Хотя Отелло выражает свою ревность с помощью образов, связанных с плотской любовью (в его ситуации другие образы трудно представить), в браке с Дездемоной главное для него вовсе не интимная близость. Этот брак стал подтверждением того, что венецианское общество принимает его как своего, как брата. В глубине его сознания есть подозрение настолько ужасное, что его приходится скрывать и всячески заглушать, — подозрение, что с ним считаются лишь постольку, поскольку он приносит пользу государству. И если бы не его должность, с ним бы обращались как с каким-нибудь чернокожим варваром.
Как говорит нам Яго, Отелло всегда отличался чрезмерной доверчивостью и добродушием, но это одна видимость. Ему необходимо было проявлять чрезмерную доверчивость, чтобы компенсировать иное, подсознательное чувство — подозрительность.
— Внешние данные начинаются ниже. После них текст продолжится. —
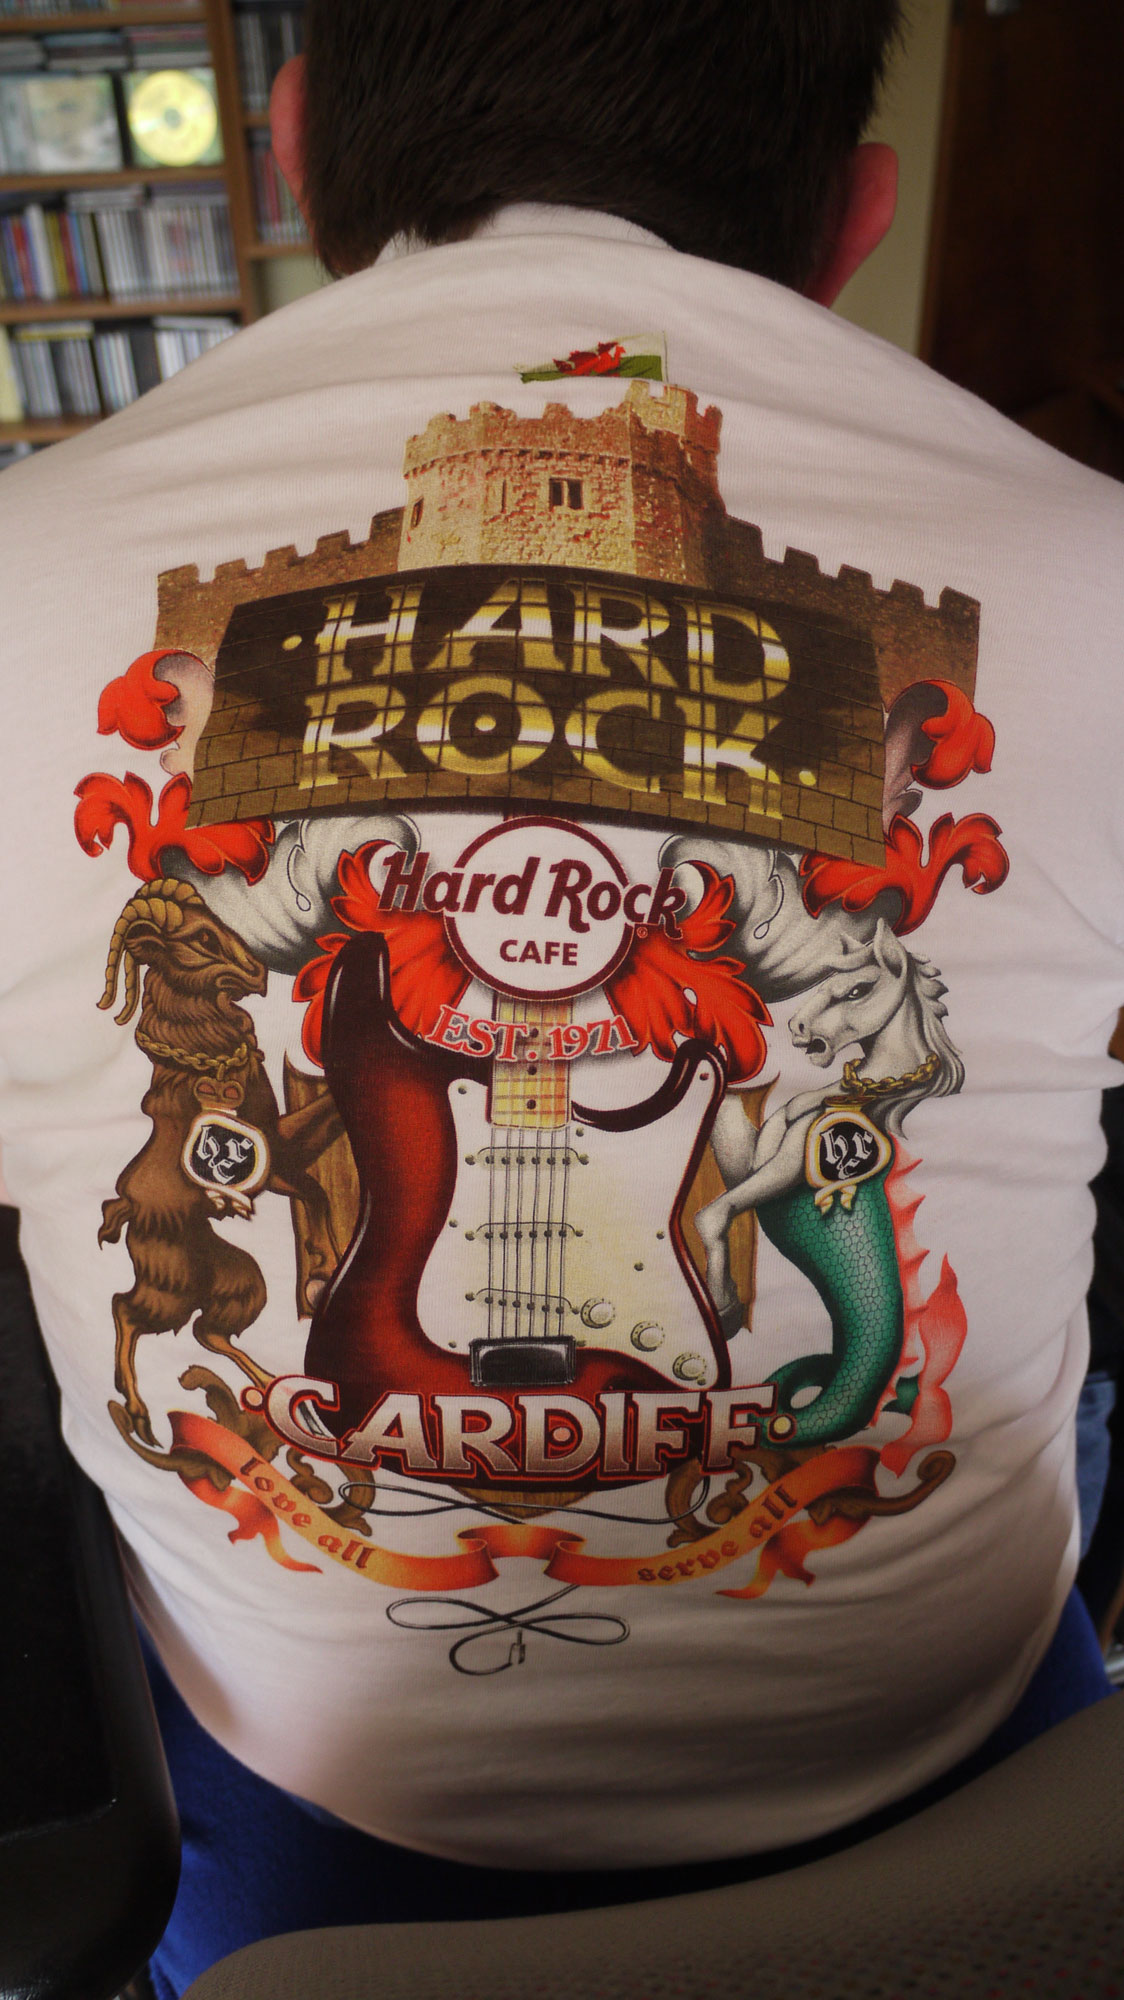 Hard Rock Cafe, Cardiff. T-Shirt back
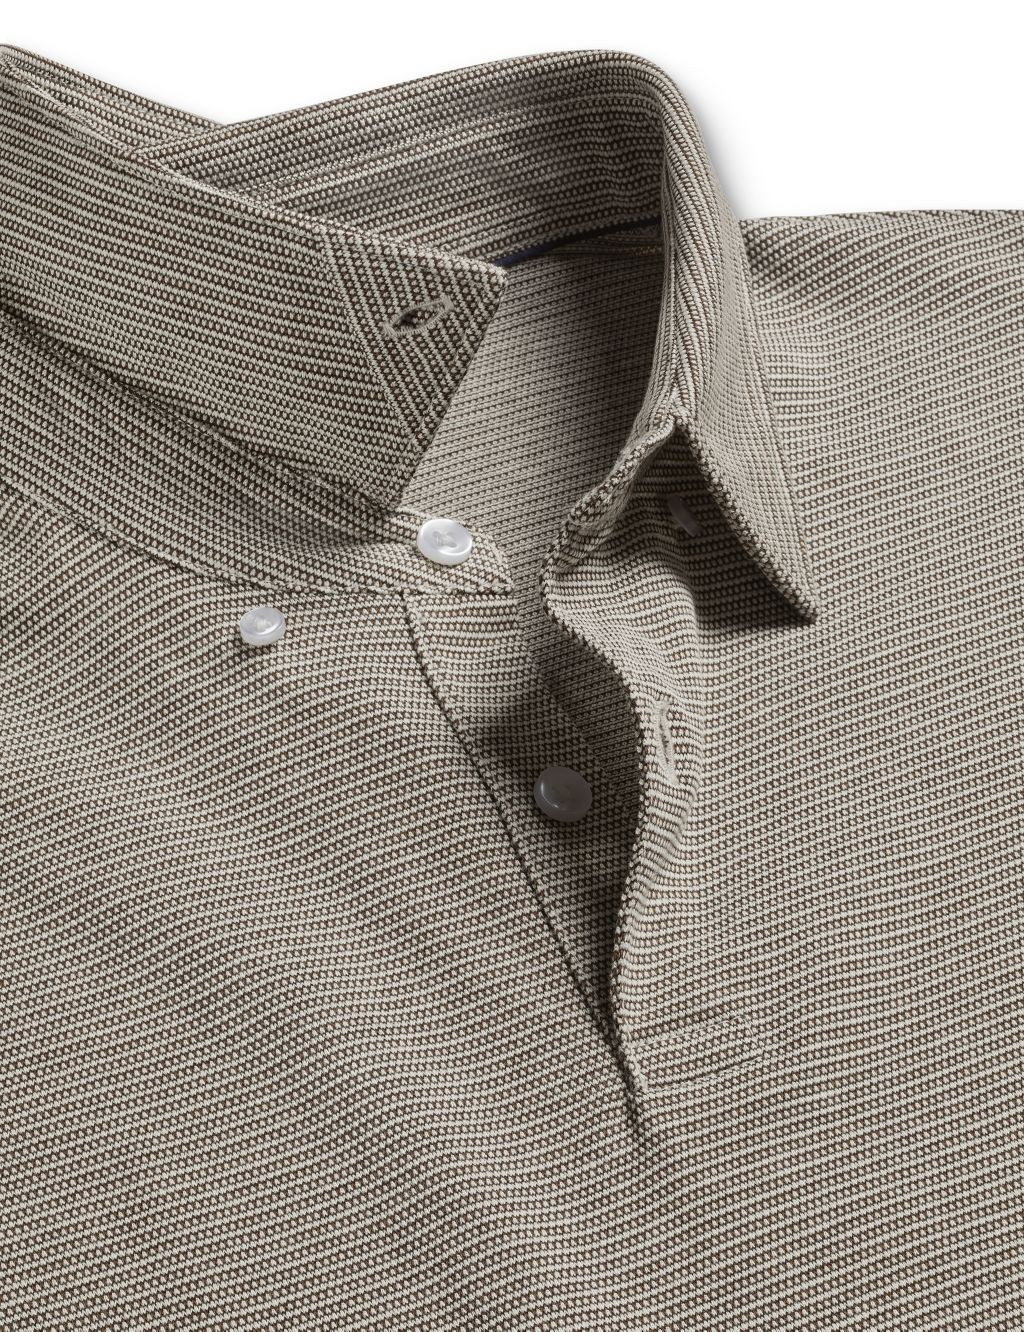 Pure Cotton Jacquard Polo Shirt image 4

И в состоянии счастливого блаженства, каким он предстает перед нами в начале пьесы, и в состоянии глубокого отчаяния, каким мы видим его позже, он напоминает нам скорее Тимона Афинского, чем Леонта.
Поскольку для Отелло главное — чтобы Дездемона любила его просто как человека, таким, каков он есть, Яго постарался внушить ему, что это не так, — и все накопившиеся с годами тайные страхи и обиды вдруг выплеснулись наружу, и теперь уже неважно, что она сделала или чего не сделала.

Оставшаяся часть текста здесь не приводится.